Dr. Jha is likewise clear in his opinion that justice isn’t cheap, because safety costs money:
The mob problem faced by doctors in India won’t be cheap to solve. The government must invest a fair amount in courts, medical malpractice insurance, and hospital infrastructure. Due process is expensive. Safety costs.
But there’s a second part of his posting that also caught my eye, and that was the assumptions that he used about costs, particularly with respect to medical malpractice. He used at least three well-worn tropes, just assuming them to be true:
The United States is famously litigious, particularly in medical malpractice, where millions are awarded for bad patient outcomes which may or may not be caused by negligence.
This one statement isn’t accurate on multiple levels. First, one really can’t bring small medical malpractice cases because cases are expensive to bring. By definition complex cases must be larger than simpler matters. Who’s going to risk $50,000 in expenses and a couple hundred hours of time on a case with a $100,000 value? For smaller matters, the medical community enjoys de facto immunity.
Second, money doesn’t get awarded for cases not caused by negligence. While a jury may, from time to time award damages on insufficient proof (and, conversely, sometimes tosses out a case despite overwhelming proof) a judge can toss that verdict if the facts aren’t there to support it. And after that, there’s an appellate court to do the same. There are, therefore, two additional layers of protection against what Dr. Jha merely assumes to be true.
Next up is the trope about “defensive medicine” driving up costs due to the fear of litigation:
The net effect of litigation is defensive medicine where doctors over-order tests to avoid lawsuits.
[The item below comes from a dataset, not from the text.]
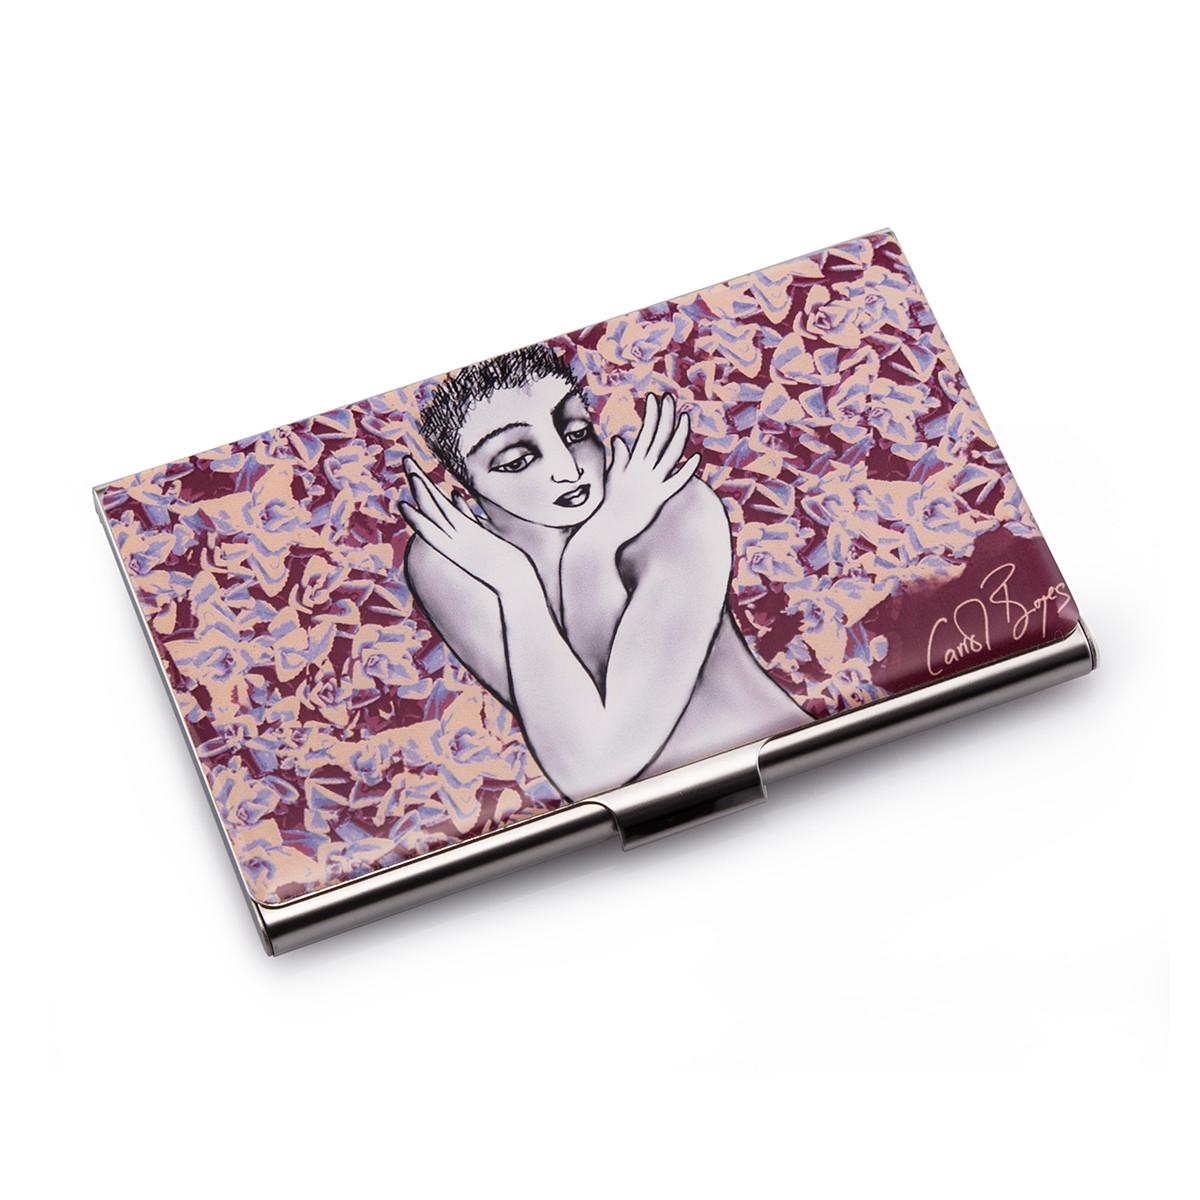 BUSINESS CARD CASE - flutter

Defensive medicine has made healthcare costlier.
This was demonstrated in an empirical study to be false. In 2003 Texas passed a law that capped malpractice payments at a paltry $250,000, with the predicable result that fewer cases were brought and that doctors would feel “safer.”
So fewer “unnecessary tests,” right? Less “defensive medicine?” Wrong. Medicare spending in Texas went up 13% more quickly per beneficiary than the national average. The idea that fear of malpractice cases was a driver of increased medical costs was demonstrably false.
America, unlike every other westernized country, doesn’t have universal medicine. It is fee for service. There is a financial incentive to order more tests. Whether that is a driver of our escalating health care costs I don’t know, but it certainly isn’t a fear of malpractice suits, which are just 2.4% of our overall healthcare costs.
So, in response to Dr. Jha, you got it partly right, in that a functioning and trustworthy justice system beats the hell out of vigilante justice (which has its own costs). And it makes society safer. But you missed the mark on some of your underlying assumptions about our justice system. Those well-worn tropes that you (and many others) use is something to rethink.